[tdwg-content] [tdwg-tag] Inclusion of authorship in DwC scientificName: good or bad?

Chuck Miller Chuck.Miller at mobot.org
Tue Nov 23 21:00:08 CET 2010


What is the specific objection to adding canonicalName to DwC as an
optional element, other than the fact it makes DwC one thing larger?

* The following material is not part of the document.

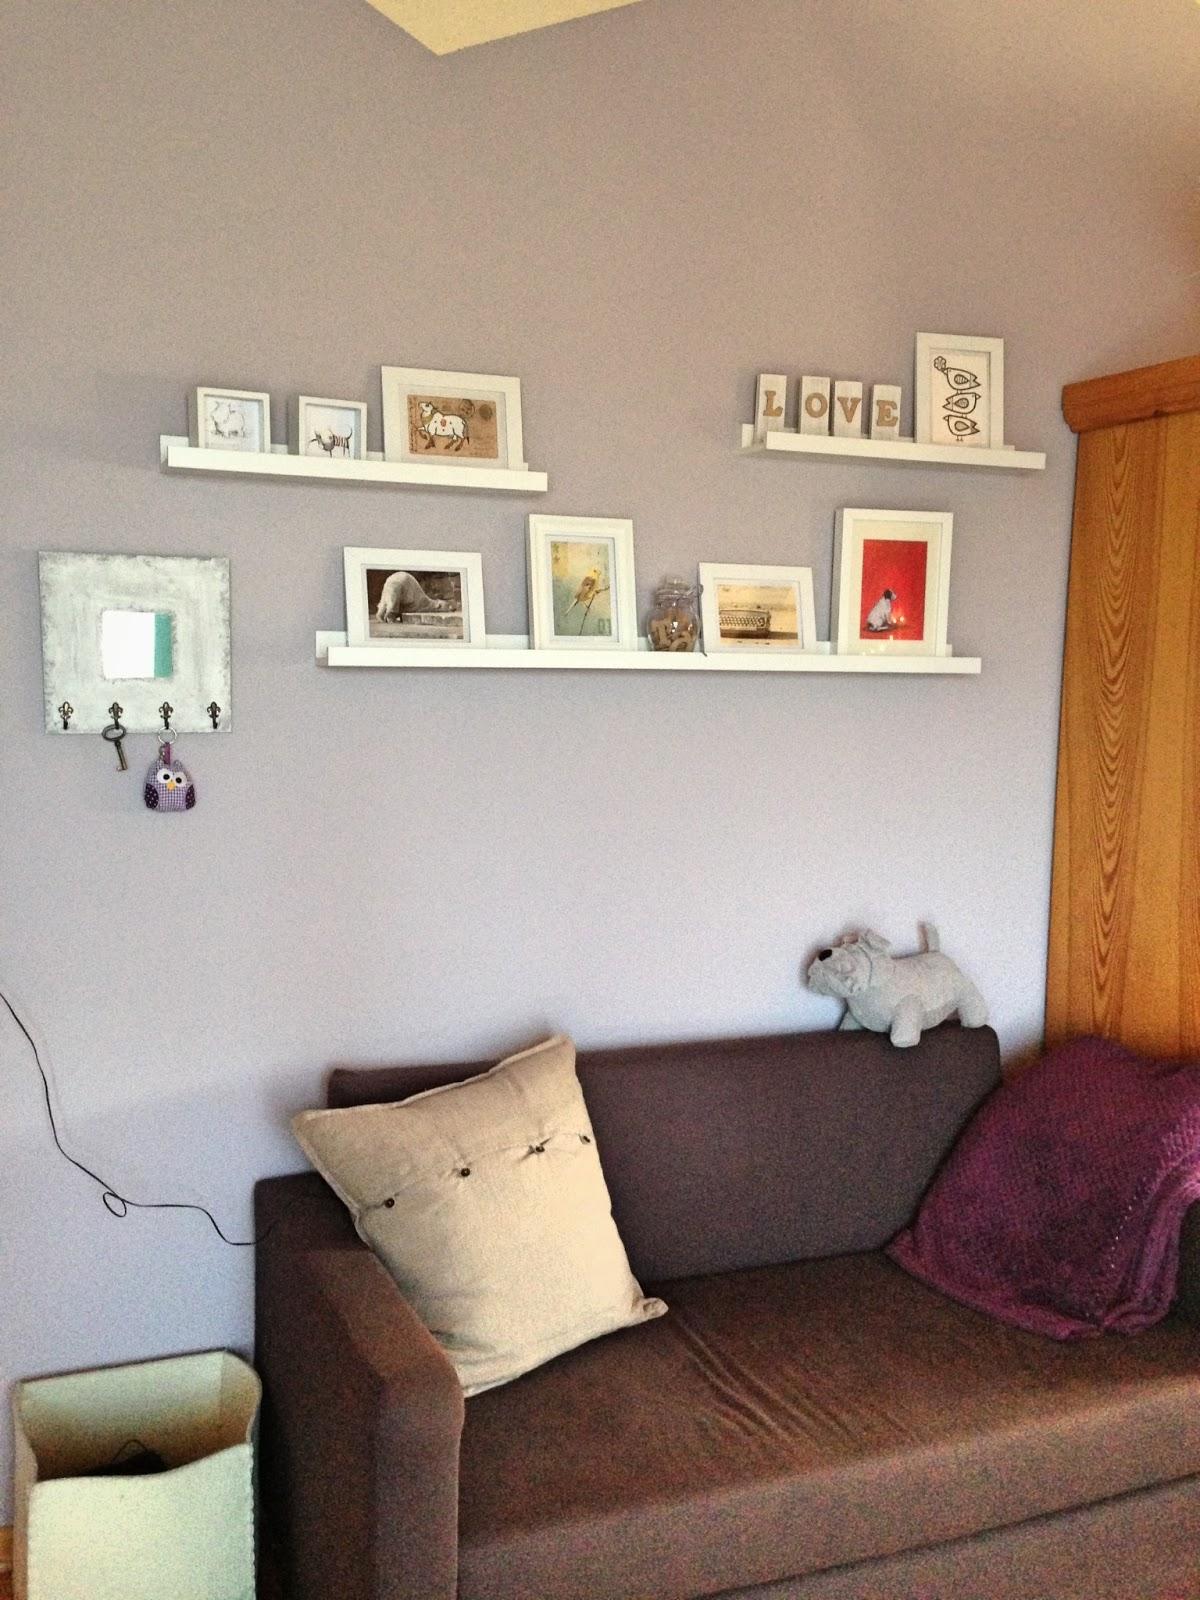 Die Neuen Wandfarben Sind Auch Ganz Entzückend Und Passen Perfekt Zum  Romantischen Teenie Zimmer. Hier Würde Ich Auch Gleich Einziehen!

There are databases which do not have their names parsed and provide
whatever they have recorded as ScientificName.  But, there are also
databases which do have parsed names and could provide this more
narrowly defined element, in addition to the ScientificName.  Those
databases could make use of a  dwc:canonicalName element in their data
exchange or query response.

What we don't have and I think never will have is perfectly consistent
names data from every database in the world.  One reason is a mountain
of inconsistently recorded legacy data from decades past that stands in
the way of perfection.  Another is variation in convention or tradition
for a variety of reasons that have been explored in these recent
threads. So, I think the pragmatic approach is to accept the
inconsistencies and work around them.
  
Chuck

-----Original Message-----
From: tdwg-content-bounces at lists.tdwg.org
[mailto:tdwg-content-bounces at lists.tdwg.org] On Behalf Of
Tony.Rees at csiro.au
Sent: Tuesday, November 23, 2010 1:40 PM
To: dremsen at gbif.org
Cc: tdwg-content at lists.tdwg.org; dmozzherin at eol.org
Subject: Re: [tdwg-content] [tdwg-tag] Inclusion of authorship in DwC
scientificName: good or bad?

Hi David,

It seems to me that your suggestion is still not quite ideal, in that
sometimes just the dwc:scientificName element will be picked up and
passed around and the content will not be consistent between those
suppliers who concatenate the available authority info and those who do
not. That suggests to me that an extra field for known canonicalName if
this can be supplied is still desirable - but I am not sure if I am
alone in thinking this...

Regards - Tony

________________________________________
From: David Remsen (GBIF) [dremsen at gbif.org]
Sent: Tuesday, 23 November 2010 11:15 PM
To: Rees, Tony (CMAR, Hobart)
Cc: David Remsen (GBIF); deepreef at bishopmuseum.org; m.doering at mac.com;
tdwg-content at lists.tdwg.org; dmozzherin at eol.org
Subject: Re: [tdwg-content] [tdwg-tag] Inclusion of authorship in DwC
scientificName: good or bad?

Tony

I did indeed mean that scientificName and authorship could be used in
the following way

1.  "Agalinis purpurea"  -> scientificName ("Agalinis purpurea")
   - where a canonical form of the name with no authorship in the source
data

2.  "Agalinis purpurea (L.) Pennell"  -> scientificName ("Agalinis
purpurea (L.) Pennell" )
- where a unparsed name+author is in the source data

3.  "Agalinis purpurea" AND "(L.) Pennell"  -> scientificName ("Agalinis
purpurea") + scientificNameAuthorship ("(L.) Pennell")
- where a semi-parsed name + author is in the source data

4. "Agalinis" AND purpurea" AND "(L.) Pennell"  > scientificName
("Agalinis purpurea") + scientificNameAuthorship ("(L.)
- where a fully atomised name is in the source data and the 'name'
parts concatenated to make a proper canonical name.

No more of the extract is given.